Suspiré, sintiendo el aire pesado y
cargado de electricidad. Traté de recuperar el aliento y retomé la
lectura, forzándome a ralentizar cada sílaba como él exigía,
dejando que mi propia voz me delatara.
«A veces, cuando cierro un contrato millonario y el salón estalla en aplausos, fantaseo con que, en realidad, el cliente me ha comprado a mí. Que firmo para ser su puta personal por un año: que me posea en la oficina tras las reuniones, que me comparta con sus socios, que me grabe para chantajearme y que yo deba acudir a trabajar cada mañana con el rastro de su semen seco entre mis muslos»
«Sueño con que me ates desnuda bajo tu escritorio mientras trabajas. Que pases las horas cerrando acuerdos millonarios por teléfono, con mis manos sujetas a tus tobillos y mi boca en tu polla; inmóvil, como un simple objeto que utilizas solo cuando te aburres.
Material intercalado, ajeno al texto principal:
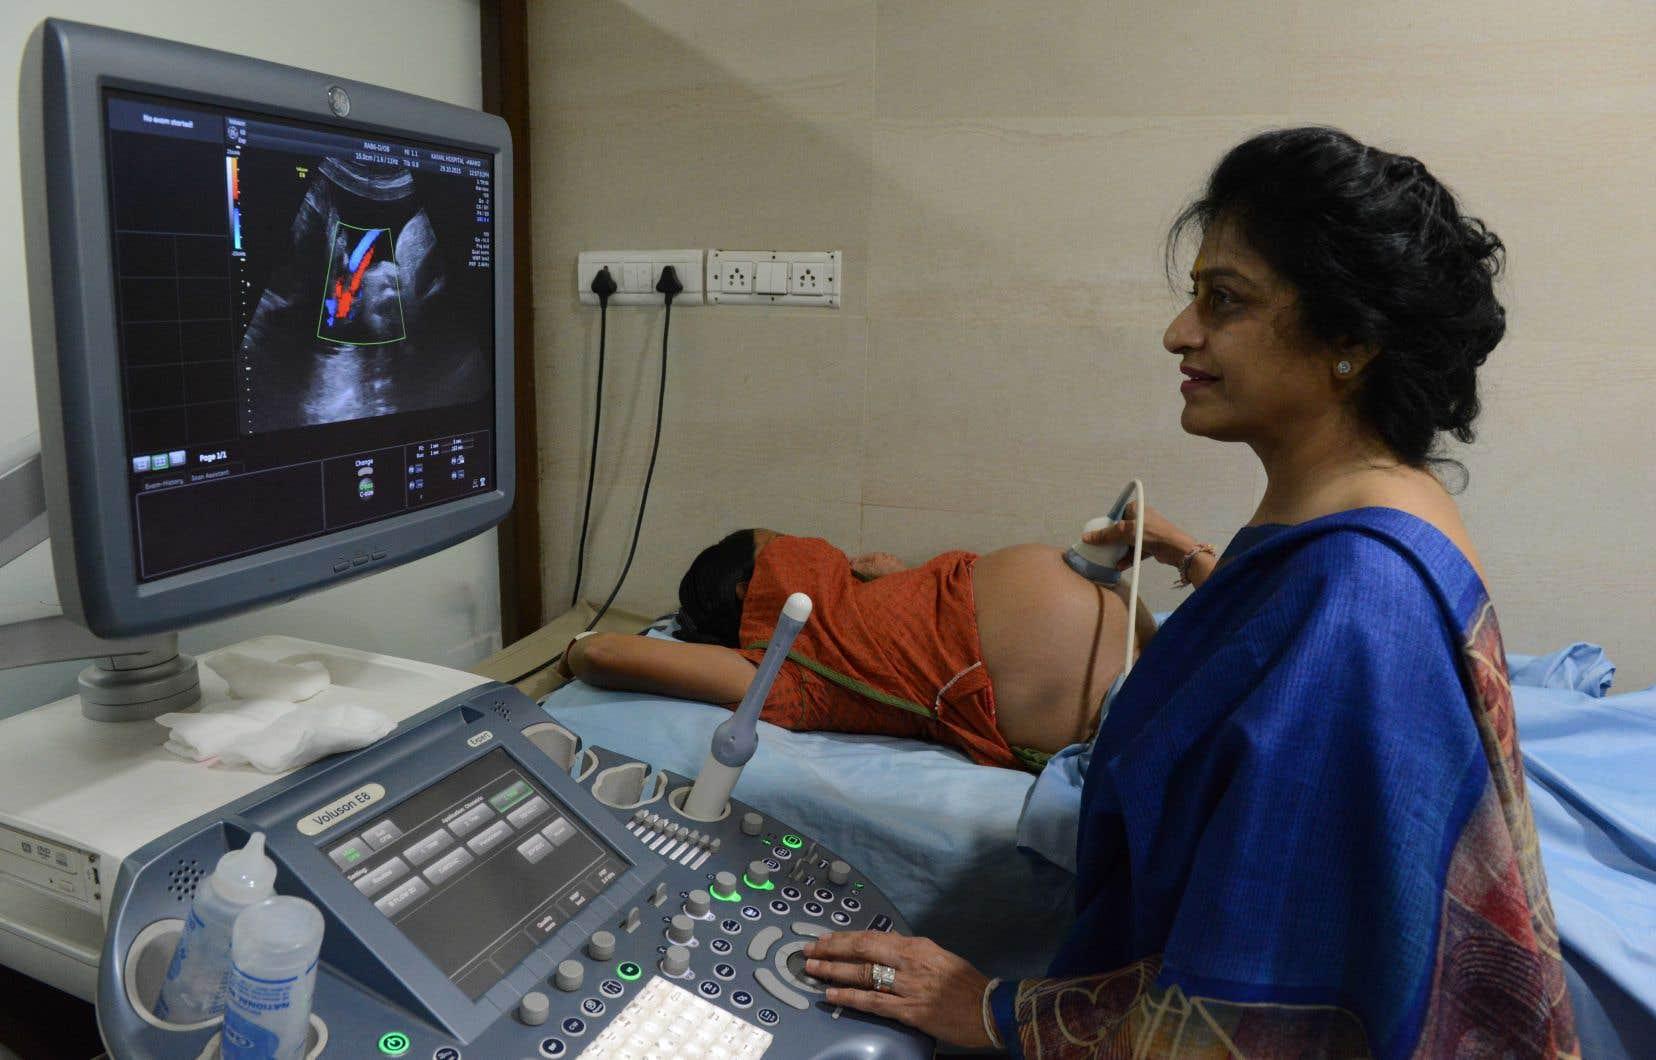 L'exploitation de mères porteuses à des fins commerciales a cours dans de nombreux pays, notamment en Inde, souligne l'auteure.
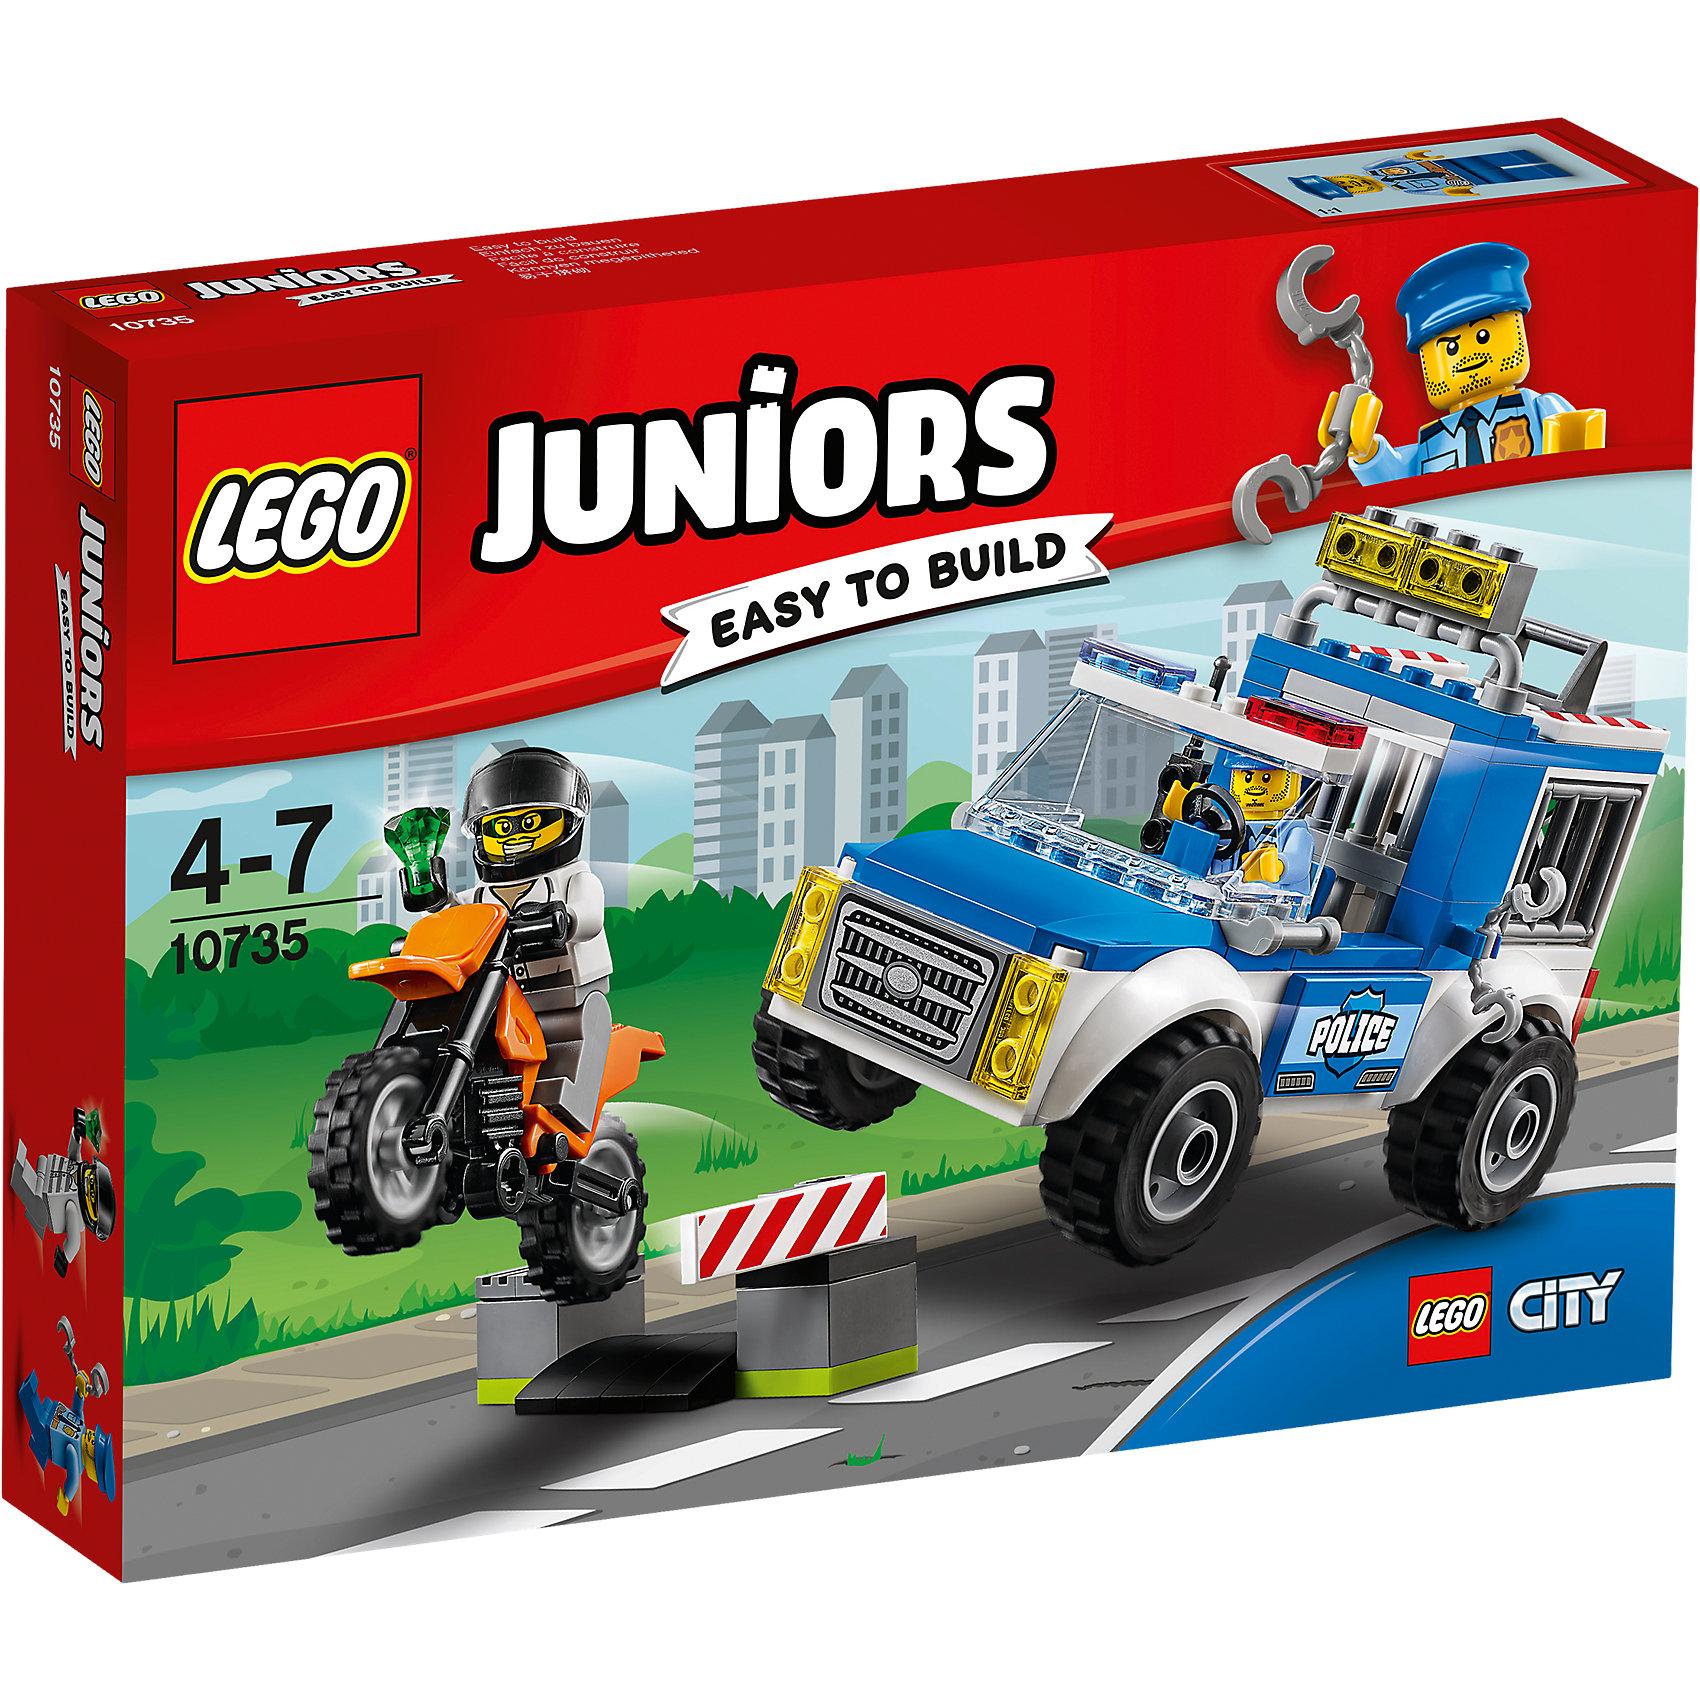 LEGO Juniors 10735: Погоня на полицейском грузовикеLEGO Juniors 10735: Погоня на полицейском грузовике<br><br>Характеристики:<br><br>- в набор входит: детали полицейской машины, мотоцикла, 2 минифигурки, аксессуары, красочная инструкция<br>- минифигурки набора: полицейский и преступник<br>- состав: пластик<br>- количество деталей: 90 <br>- размер упаковки: 26 * 5 * 19 см.<br>- для детей в возрасте: от 4 до 7 лет<br>- Страна производитель: Дания/Китай/Чехия<br><br>Легендарный конструктор LEGO (ЛЕГО) представляет серию «Juniors» (Джуниорс) для новичков в строительстве из конструктора ЛЕГО. Набор «Погоня на полицейском грузовике» включает в себя два транспортных средства: мотоцикл (6 * 3 * 5 см.), полицейская машина (13 * 6 * 8 см.). В полицейской машине имеется отсек для арестованных преступников. В набор входят две минифигурки: самого полицейского в униформе с рацией и наручниками, и преступника в шлеме и с украденным изумрудом. Небольшая постройка со шлагбаумом для засад позволяет игре быть еще более реалистичной. Играя с конструктором ребенок развивает моторику рук, воображение и логическое мышление. Придумывайте новые игры с набором LEGO «Juniors»!<br><br>Конструктор LEGO Juniors 10735: Погоня на полицейском грузовике можно купить в нашем интернет-магазине.<br><br>Ширина мм: 263<br>Глубина мм: 190<br>Высота мм: 48<br>Вес г: 267<br>Возраст от месяцев: 48<br>Возраст до месяцев: 84<br>Пол: Мужской<br>Возраст: Детский<br>SKU: 5002511

Sueño con que te corras sobre mi rostro y mis pechos, y me obligues a cargar con el rastro de tu semen sobre mi piel hasta que tú, y solo tú, consideres que es momento de limpiarme»
El
silencio que siguió a aquella confesión fue denso, casi sólido. En
aquel salón no se escuchaba más que mi respiración desbocada y el
zumbido eléctrico, casi imperceptible, de las cámaras que grababan
mi exposición. Victor, sentado frente a mí en una de las sillas del
comedor, me escrutaba con una intensidad gélida, como si intentara
descifrar los secretos que latían más allá de las palabras que yo
acababa de recitar. Fui incapaz de sostenerle la mirada; la vergüenza
pesaba demasiado y terminé bajando la cabeza, derrotada por mis
propios deseos.
—Muy bien, nueve —sentenció al fin,
su voz era un filo de seda—. Ahora ya no hay nada que yo no sepa de
ti. No queda ningún rincón donde puedas esconderte. Ni siquiera de
ti misma.
Escuché el sutil roce de sus pasos al
levantarse y cómo el aire cambiaba a medida que se acercaba a mi
posición. Sentí la presión de su dedo en mi mejilla, atrapando con
precisión una lágrima traicionera que había escapado sin mi
permiso. Victor no la limpió con delicadeza; simplemente la retuvo,
observándola como si fuera un dato más en su análisis. Se llevó
el dedo a los labios, probando el rastro de mi fragilidad con una
parsimonia que me hizo estremecer.
—Lloras por la
pérdida de control, no por tristeza —dijo con una voz baja y
analítica, mientras sus ojos buscaban los míos—. Es el sabor de
tu resistencia desmoronándose, nueve. Me gusta
Se
puso en cuclillas frente a mí, obligándome a alzar el rostro para
que nuestras miradas volvieran a colisionar. Sus ojos buscaban
cualquier rastro de duda, pero solo encontraron mi entrega.
—Hoy
mismo —sentenció con una calma gélida— empezarás a vivir
alguna de esas fantasías.
Se incorporó con una elegancia
pausada, recuperó los folios y los dobló con un cuidado casi
reverencial. Los devolvió al cajón del que procedían y, antes de
cerrarlo con un clic definitivo, añadió:
—Cuando
nuestro contrato llegue a su fin, te los devolveré. Pero irán
acompañados de mis notas al margen.
Victor abandonó el salón en un silencio sepulcral, dejándome allí, a solas con mi vulnerabilidad y bajo la mirada imperturbable de las cámaras que grababan cada uno de mis espasmos. ¿Se habría marchado a dormir, condenándome a pasar la noche en vela y atada a esa silla? No lo sabía, y lo más turbador era que me resultaba indiferente. En ese momento, mi antigua yo había dejado de existir; ahora solo era lo que él dictaba: «nueve», un objeto inerte diseñado para su exclusiva satisfacción. Paradójicamente, ante ese pensamiento de absoluta anulación, mi intimidad ardía con un hambre devoradora, como si el fuego de una pira se hubiera instalado entre mis muslos.